Now, we can use the standard techniques to solve DC circuits for AC circuits where, by AC circuit, we mean: linear circuits with sinusoidal excitation (all sources must have the same frequency!) and in AC steady state (the sinusoidal amplitudes are constant with time!).
So my question is why does the magnitude of the ratio of the complex
voltage to the complex current now suddenly carries a physical meaning
(if my understanding is correct, it is the resistance which can be
measured in ohms, just like in the resistor).
Remember, the complex sources are a convenient fiction; if there were actually physical complex sources to excite the circuit, the phasor representation would by physical.
The physical sources are sinusoidal, not complex but, remarkably, we can mathematically replace the sinusoidal sources with complex sources, solve the circuit in the phasor domain using impedances, and then find the actual, physical sinusoidal solution as the real part of the complex time dependent solution.
Here's an example of the physical content of impedance:
Let the time domain inductor current be:
$i_L(t) = I_m \cos (\omega t + \phi)$
Find the time domain inductor voltage using phasors and impedance. The phasor inductor current is:
$\mathbf{I_l} = I_m e^{j\phi}$
and the impedance of the inductor is:
$Z_L = j \omega L = e^{j\frac{\pi}{2}}\omega L$
Thus, the phasor inductor voltage is:
$\mathbf{V_l} = \mathbf{I_l} Z_L = I_m e^{j\phi}e^{j\frac{\pi}{2}}\omega L = \omega L I_m e^{j(\phi + \frac{\pi}{2})}$
Converting to the time domain:
$v_L(t) = \omega L I_m \cos (\omega t + \phi + \frac{\pi}{2})$
Note that the magnitude of the impedance shows up in the amplitude of the sinusoid and the phase angle of the impedance shows up in the phase of the sinusoid.
Best Answer
The physical 'meaning' of the imaginary part of the impedance is that it represents the energy storage part of the circuit element.

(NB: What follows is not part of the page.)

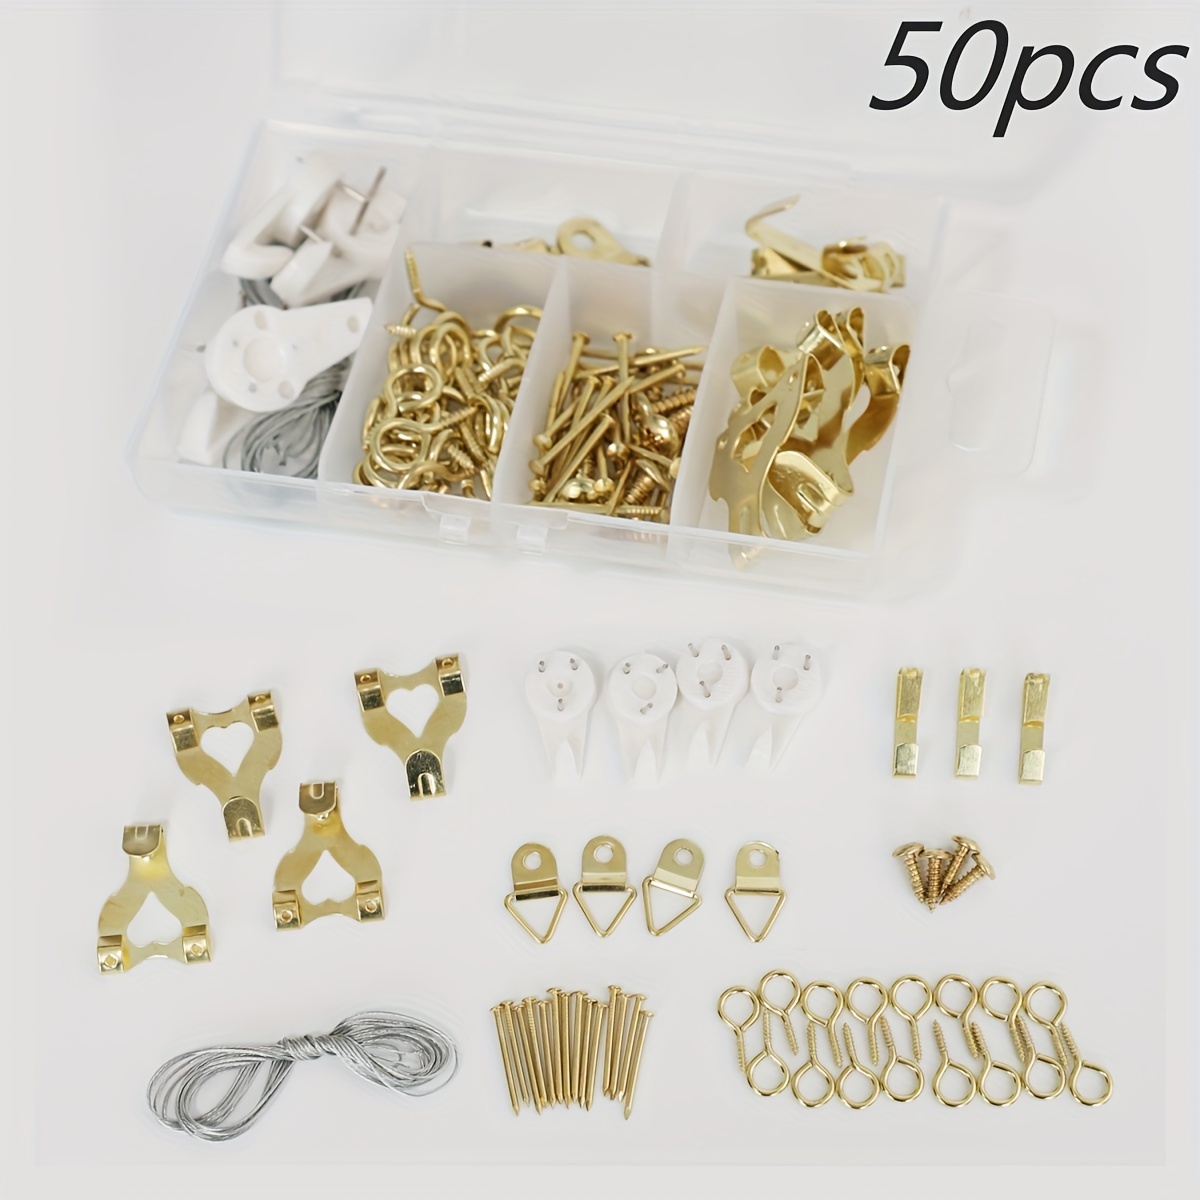 50pcs Heavy Duty Golden Hook, Light Hook, Photo Frame Hanging, Triangle  Hanging, Screw, Nail, 70.87inch Wire Rope Photo Frame Accessories Set, Home  Cl

To see this, let the sinusoidal current $i = I\cos(\omega t)$ be the current through a series RL circuit.
The voltage across the combination is
$$v = Ri + L\frac{di}{dt} = RI\cos(\omega t) - \omega LI\sin(\omega t)$$
The instantaneous power is the product of the voltage and current
$$p(t) = v \cdot i = RI^2\cos^2(\omega t) - \omega LI^2\sin(\omega t)\cos(\omega t) $$
Using the well known trigonometric formulas, the power is
$$p(t) = \frac{RI^2}{2}[1 + \cos(2\omega t)] - \frac{\omega LI^2}{2}\sin(2\omega t) $$
Note that the first term on the RHS is never less than zero - power is always delivered to the resistor.

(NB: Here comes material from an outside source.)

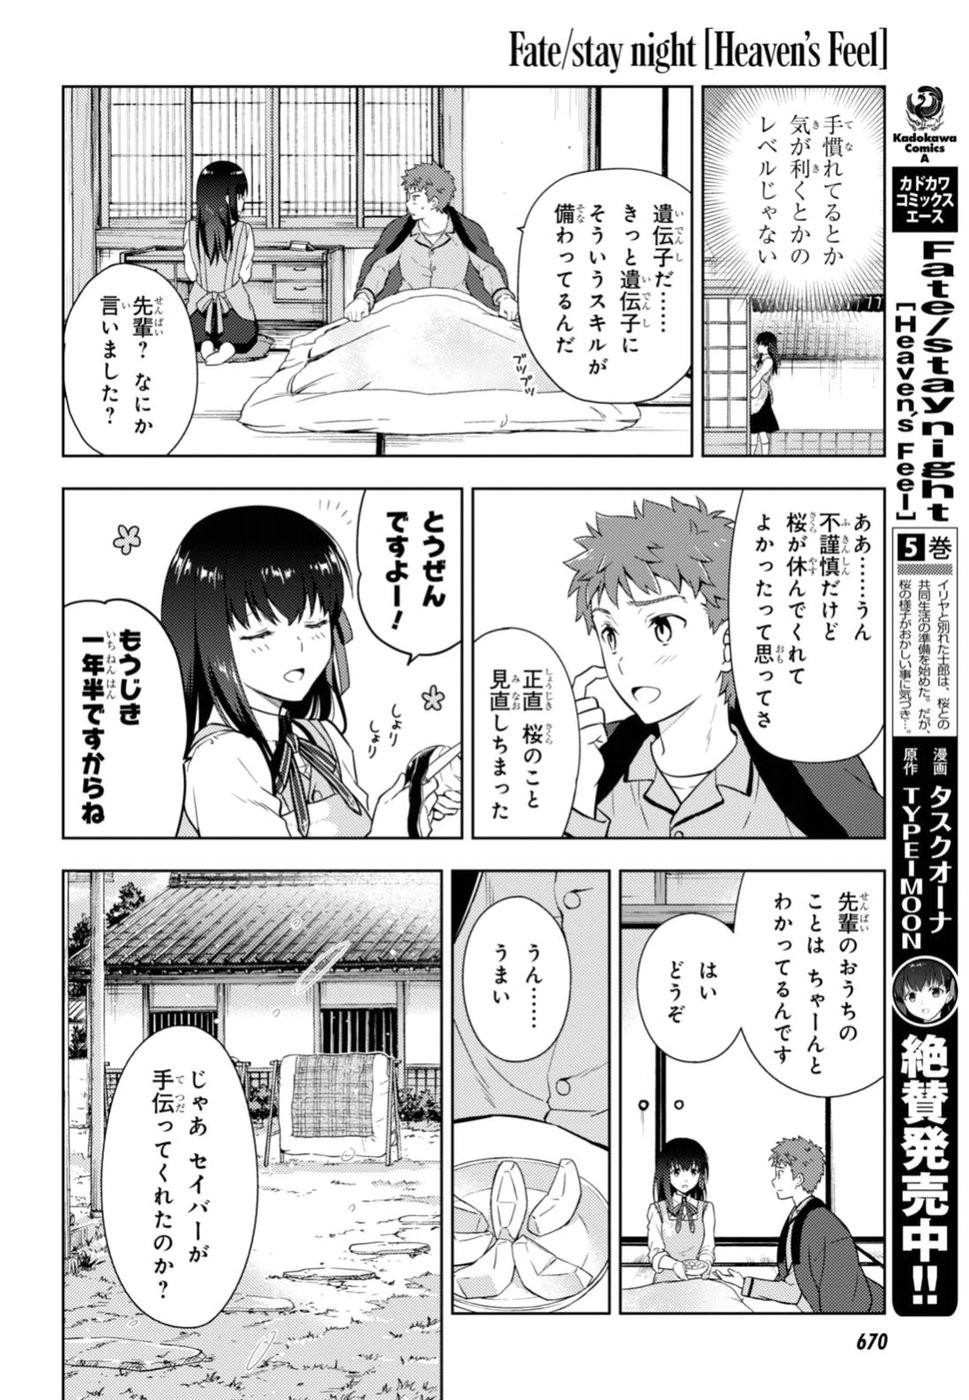 Fate/Stay night Heaven's Feel - Chapter 33 - Page 4

However, the power for the second term has zero average value and alternates symmetrically positive and negative - the inductor stores energy half the time and releases the energy the other half.

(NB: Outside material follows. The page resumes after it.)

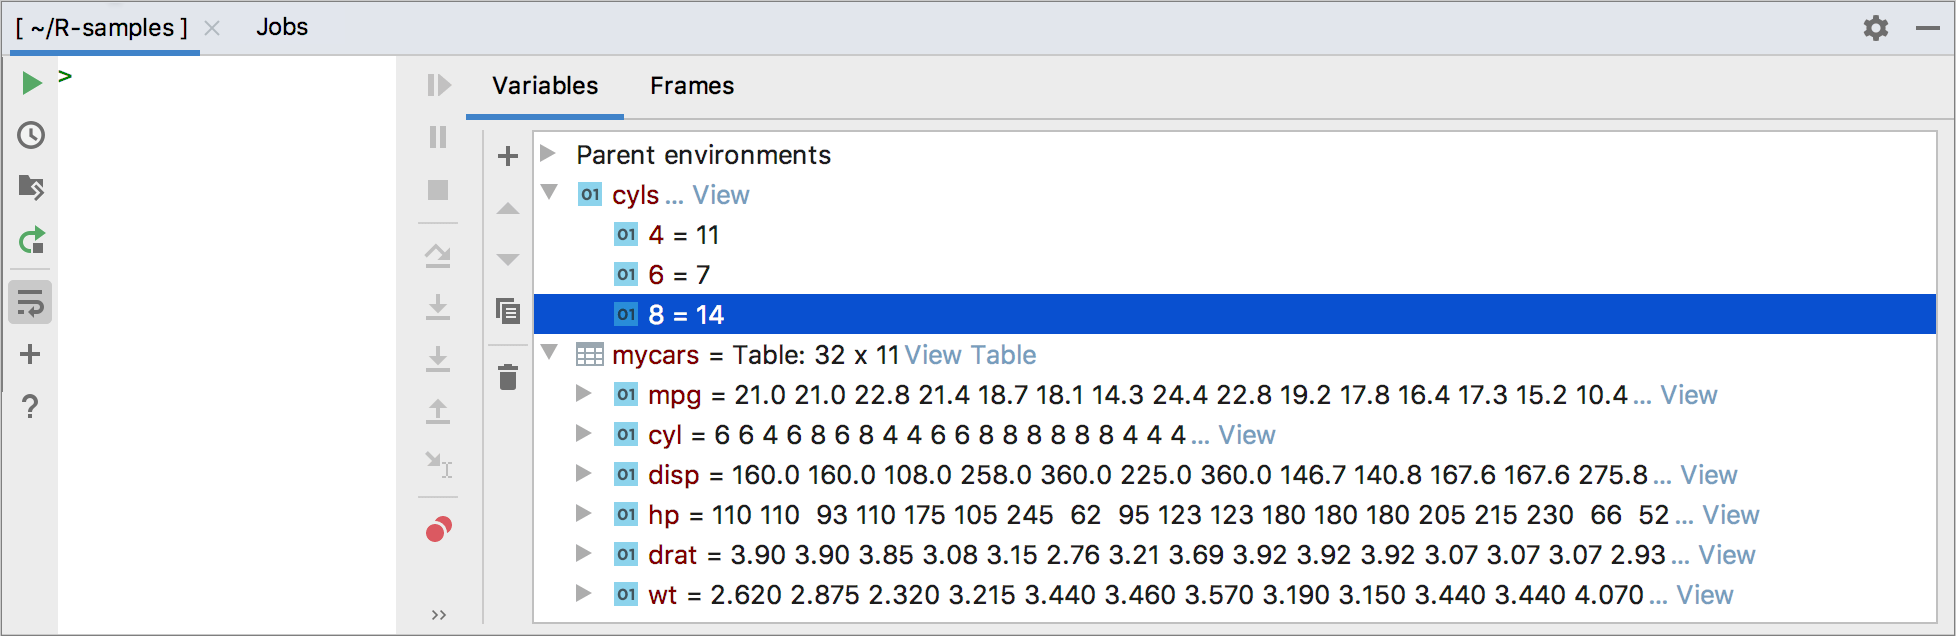 Preview variables in the R Console

But note that $\omega L$ is the imaginary part of the impedance of the series RL circuit:
$$Z = R + j\omega L$$
Indeed, via the complex power S, we see that the imaginary part of the impedance is related the reactive power Q
$$S = P + jQ = \tilde I^2Z = \frac{I^2}{2}Z = \frac{RI^2}{2} + j\frac{\omega L I^2}{2} $$
Thus, as promised, the imaginary part of the impedance is the energy storage part while the real part of the impedance is the dissipative part.